As your history teacher always said, you can learn a lot from our past presidents. Each one offers lessons in honesty (George Washington), courage (Abraham Lincoln), and the importance of bundling up (William Henry Harrison).
But did you know that our former commanders-in-chief can also school you in an unexpected topic: storage?
No, none of our former presidents wrote a secret book on home decorating. (Although Teddy Roosevelt’s would probably involve tons of bearskins.) However, their civilian homes can teach you how to make a little space go a long way.
That’s right. We looked at the childhood, vacation, and retirement houses of seven past presidents for useful space-saving lessons that you can apply in your own home.
Here’s what we discovered:
Lesson #1: You can stick a bookshelf anywhere.
President: Franklin D. Roosevelt
Home: The Little White House in Warm Springs, Georgia
Franklin Delano Roosevelt lived in many homes over his lifetime. There was the “Big House” in Hyde Park, New York where he was born and buried.
There was also the family vacation home on Campobello Island. And that Executive Mansion he occupied from 1933 through 1945. But perhaps the most special Roosevelt residence of all was the “Little White House.”
The “Little White House” is located in Warm Springs, Georgia. Roosevelt first traveled there in 1924, seeking mineral springs treatment for his polio. Although repeated exercise and treatments at the local resort did not restore his ability to walk, he responded well to Warm Springs and bought the resort in 1926.
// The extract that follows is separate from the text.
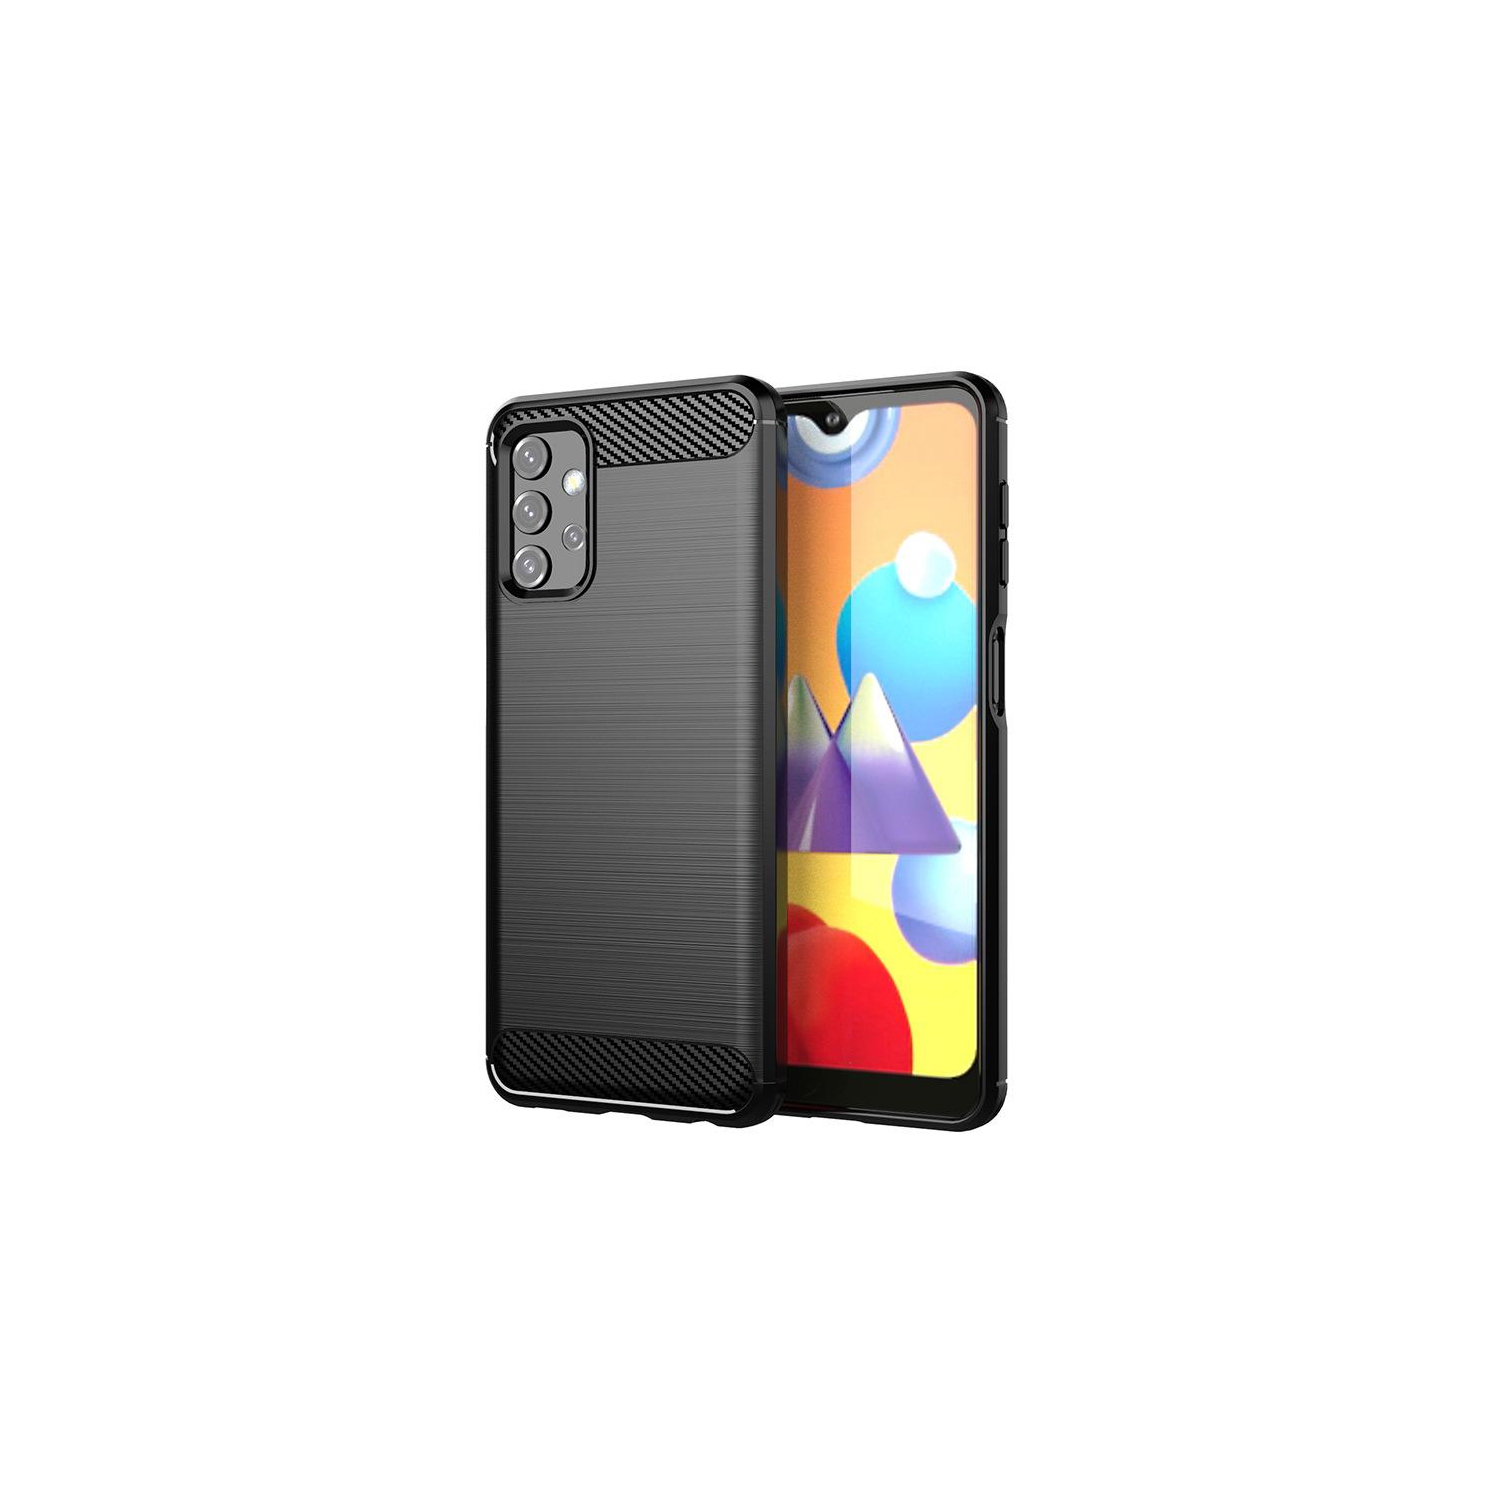 PANDACO Black Brushed Metal Case for Samsung Galaxy A32 5G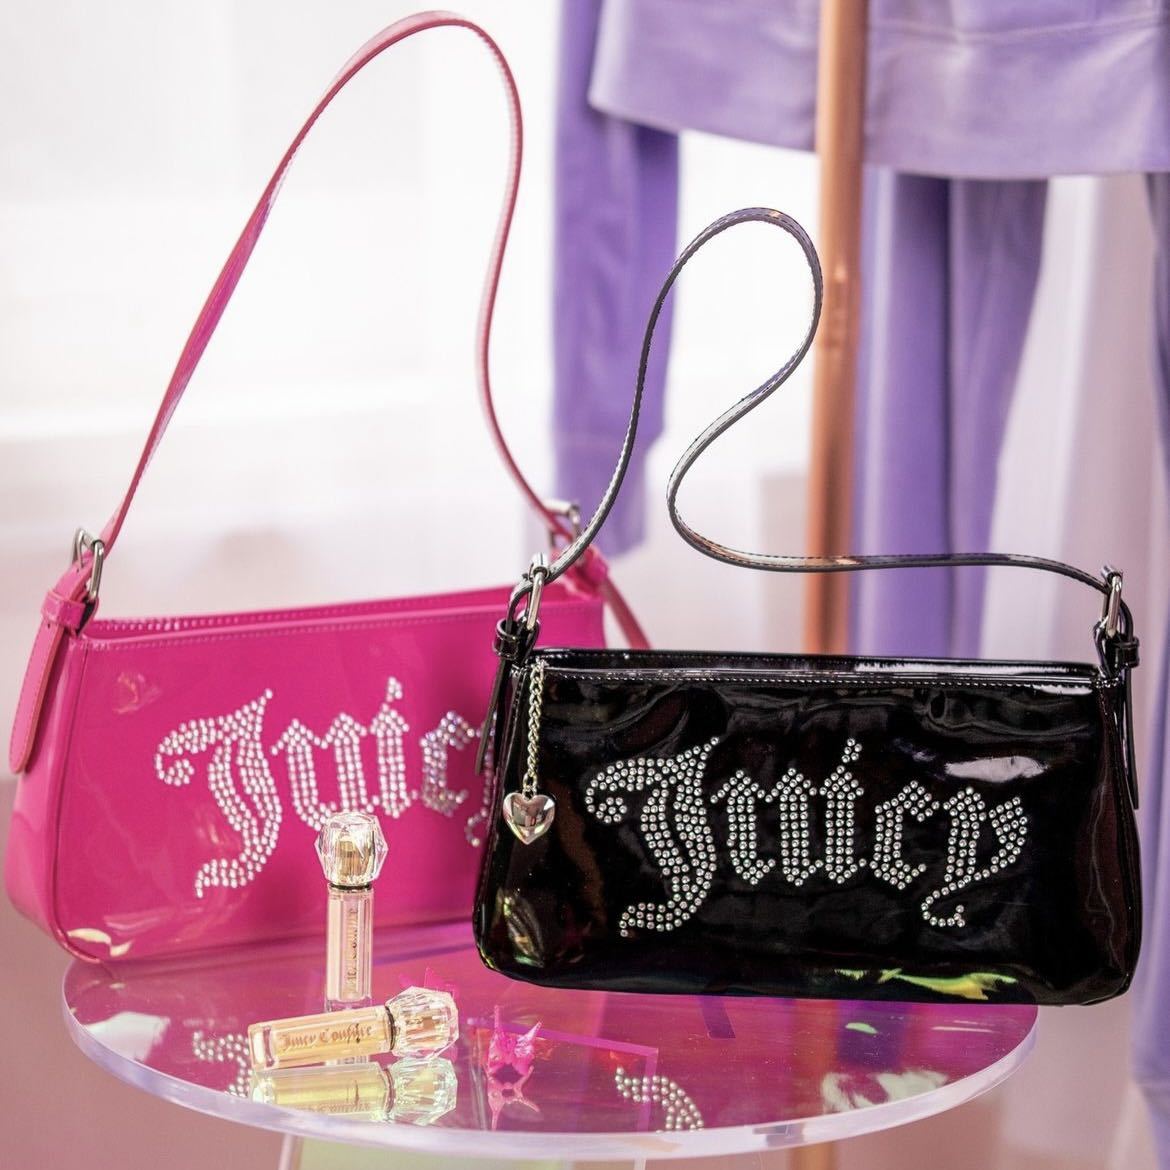 Juicy Couture ベロア キラキラ ストーン ポーチ クラッチバッグ

The resort was a bit run-down and not nearly as grand as his other homes, but Roosevelt loved the little cottage and retreated there often during his four presidential terms. Since his aides frequently followed him there to conduct business, it was nicknamed the “Little White House.”
So what home organization wisdom can you gather from this estate?
Take a look at FDR’s living room:
Roosevelt has a sizable bookcase in one corner, and he’s sandwiched two skinny shelves between a doorway. One of the shelves is practically hiding behind a chair. Use this ingenuity to squeeze shelves into your apartment.
Can’t fit something along your doorway like FDR?
Then try the ledge above your door frame. Also think about using window sills and walls for storage:
Once you’re all set up, consider adding a paperback of Roosevelt’s fireside chats to the books on your floating shelves.
Lesson 2: Alcoves are your friend.
President: Dwight D. Eisenhower
Home: Eisenhower National Historic Site in Gettysburg, Pennsylvania
Our 34th president “Ike” grew up in Abilene, Kansas. When it came time to retire, though, he chose this farmhouse right next to the Gettysburg battlefield.
It made sense: He had already used the place as a weekend getaway during his presidency and even entertained a dignitary or two on the sprawling acres. (Jawaharlal Nehru, then prime minister of India, stayed in the guest room.)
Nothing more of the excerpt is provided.